(Supplied material begins)

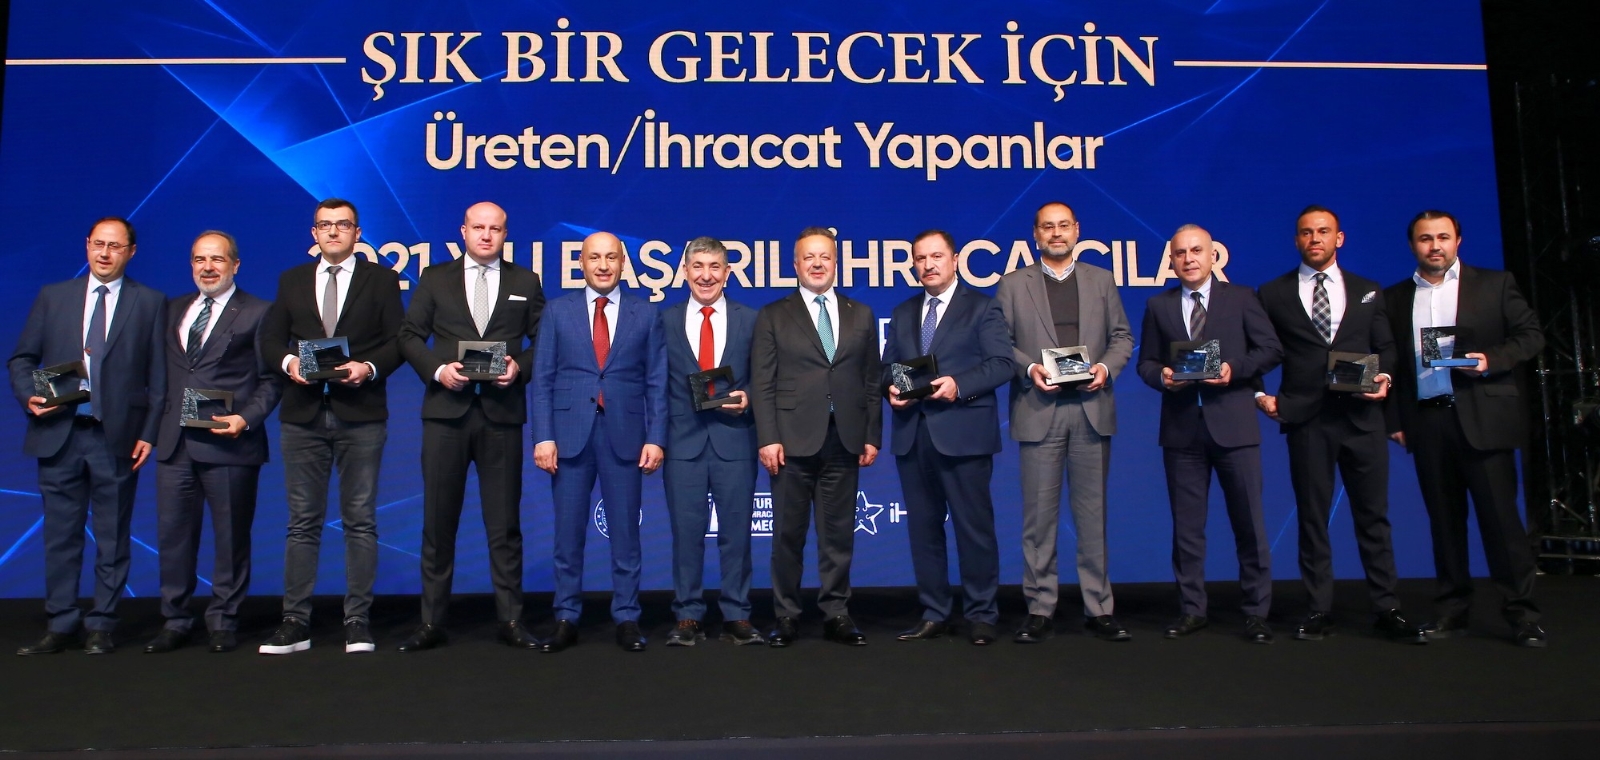 TİM Başkanı Gülle: “Türkiye’nin güvenilir bir iş ortağı olduğunu tüm dünyaya gösterdik”
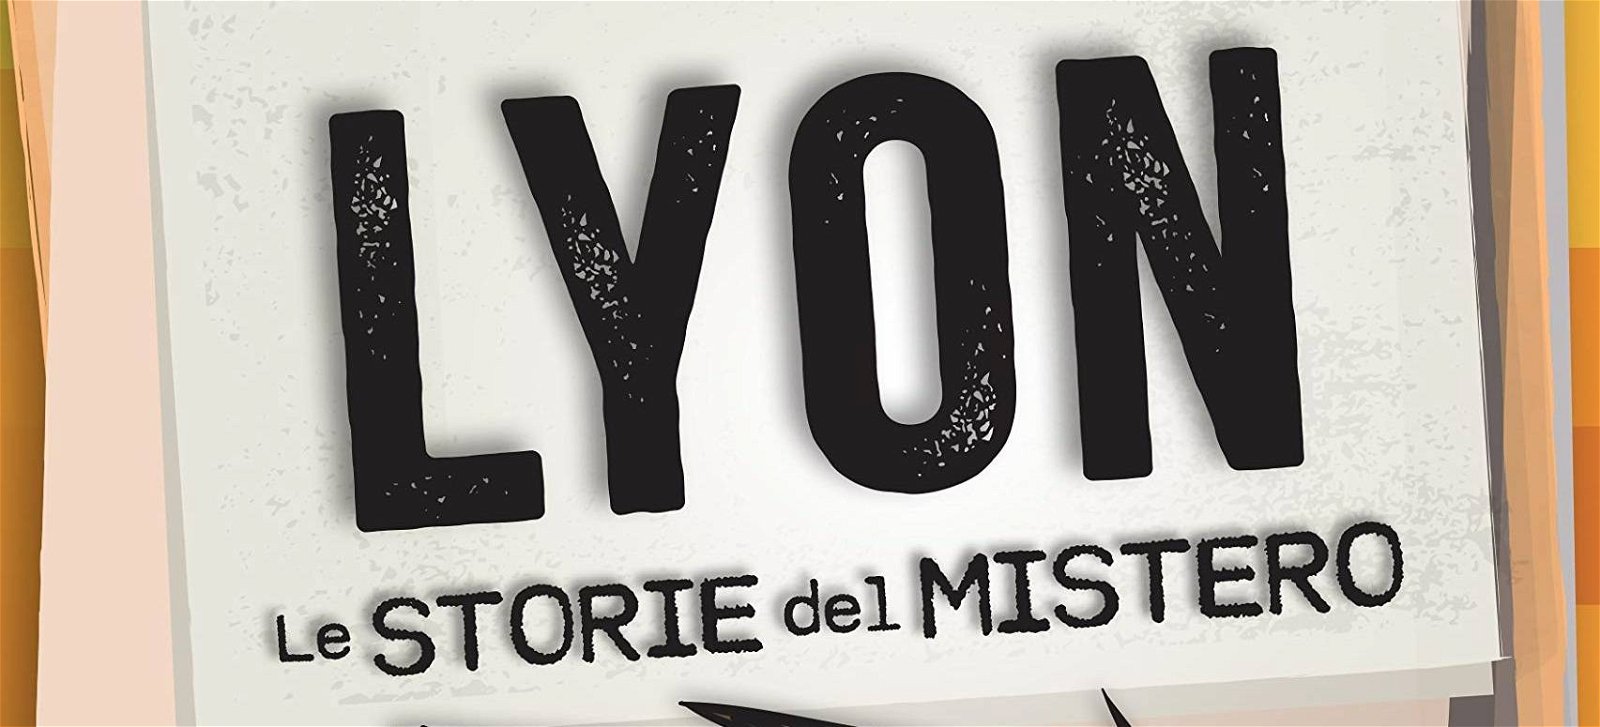 Immagine di Le storie del mistero: il libro di LyonGamer domina la classifica bestseller di Amazon
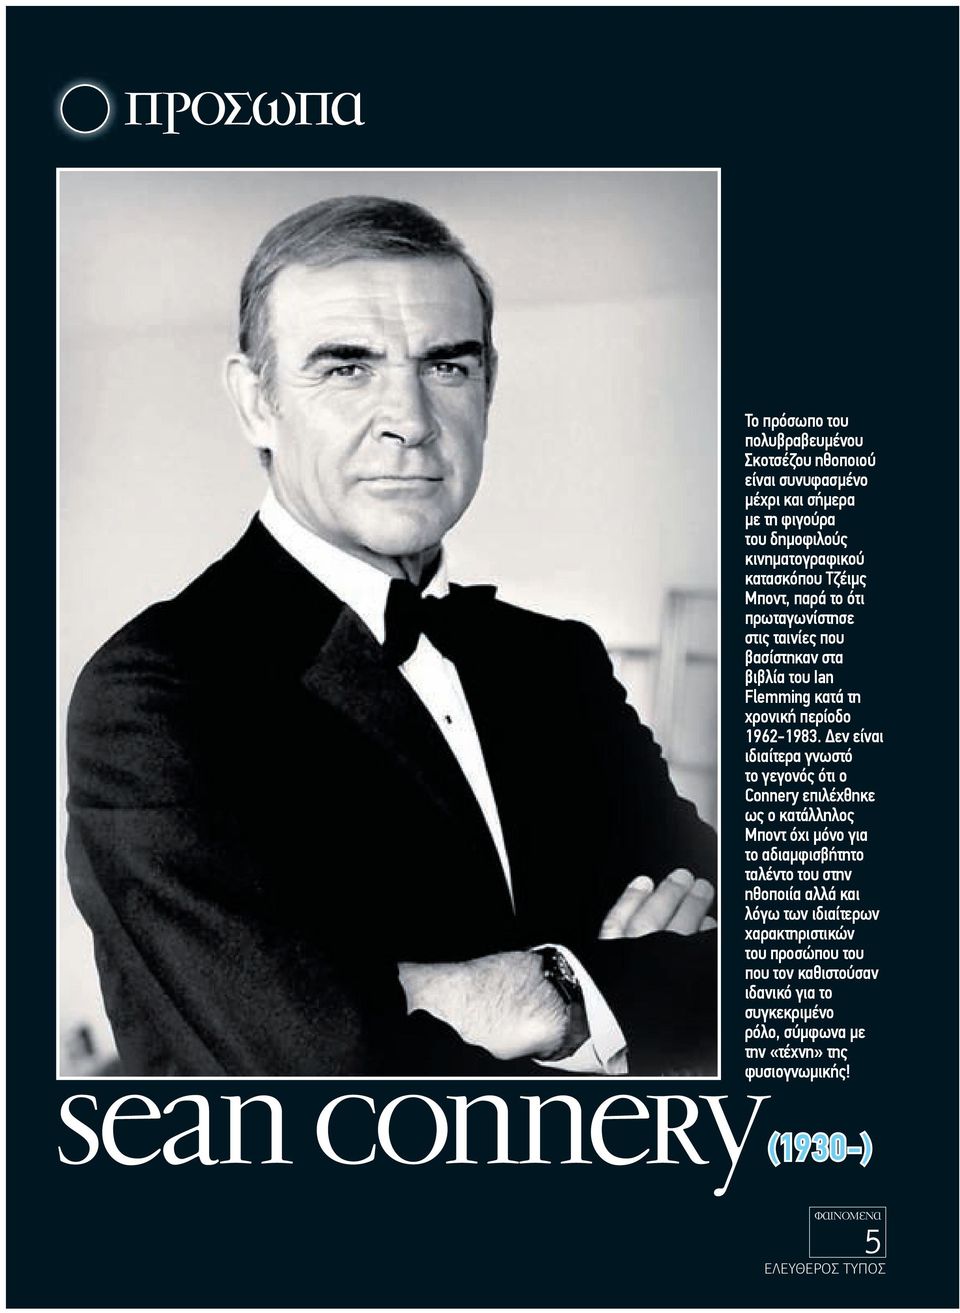 εν είναι ιδιαίτερα γνωστό το γεγονός ότι ο Connery επιλέχθηκε ως ο κατάλληλος Μποντ όχι µόνο για το αδιαµφισβήτητο ταλέντο του στην ηθοποιία αλλά και λόγω
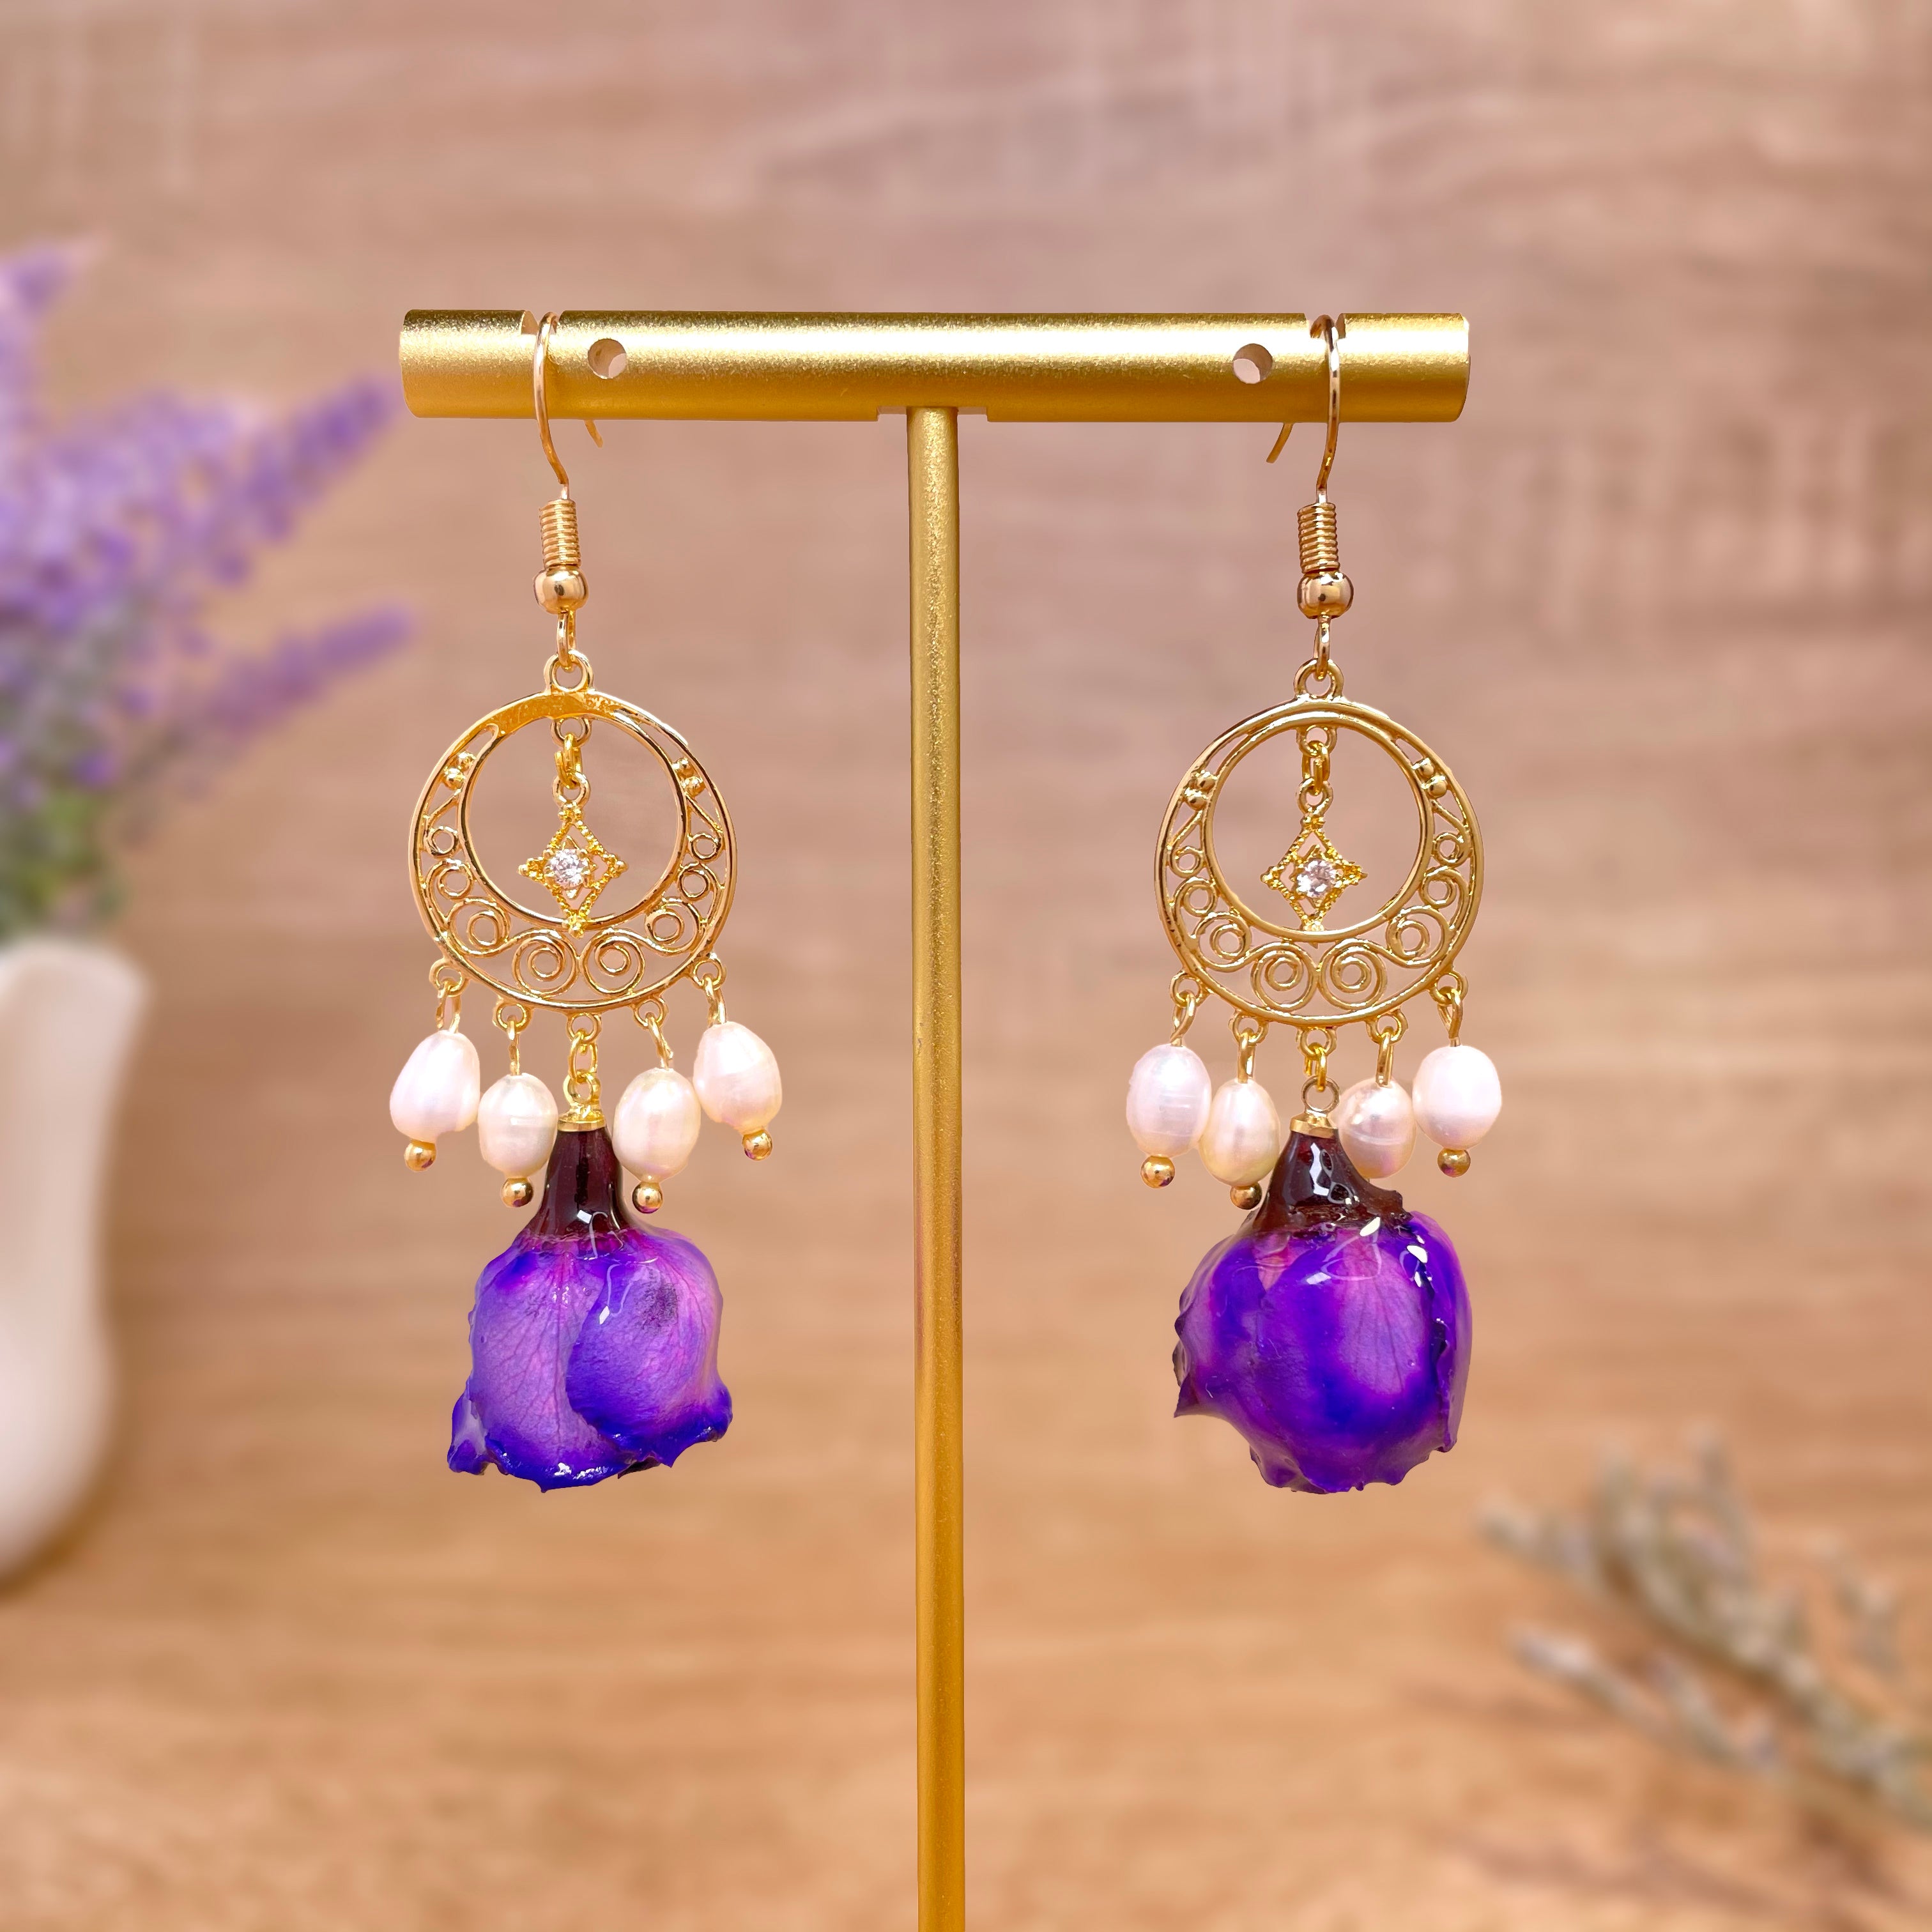 Dangle Earrings with Purple Flower

(Supplied material ends)

■ Work to be completed
Copy the data verbatim, skipping any image it holds.

■ Task response
 TİM Başkanı Gülle: “Türkiye’nin güvenilir bir iş ortağı olduğunu tüm dünyaya gösterdik”
 Immagine di Le storie del mistero: il libro di LyonGamer domina la classifica bestseller di Amazon
 εν είναι ιδιαίτερα γνωστό το γεγονός ότι ο Connery επιλέχθηκε ως ο κατάλληλος Μποντ όχι µόνο για το αδιαµφισβήτητο ταλέντο του στην ηθοποιία αλλά και λόγω
 Dangle Earrings with Purple Flower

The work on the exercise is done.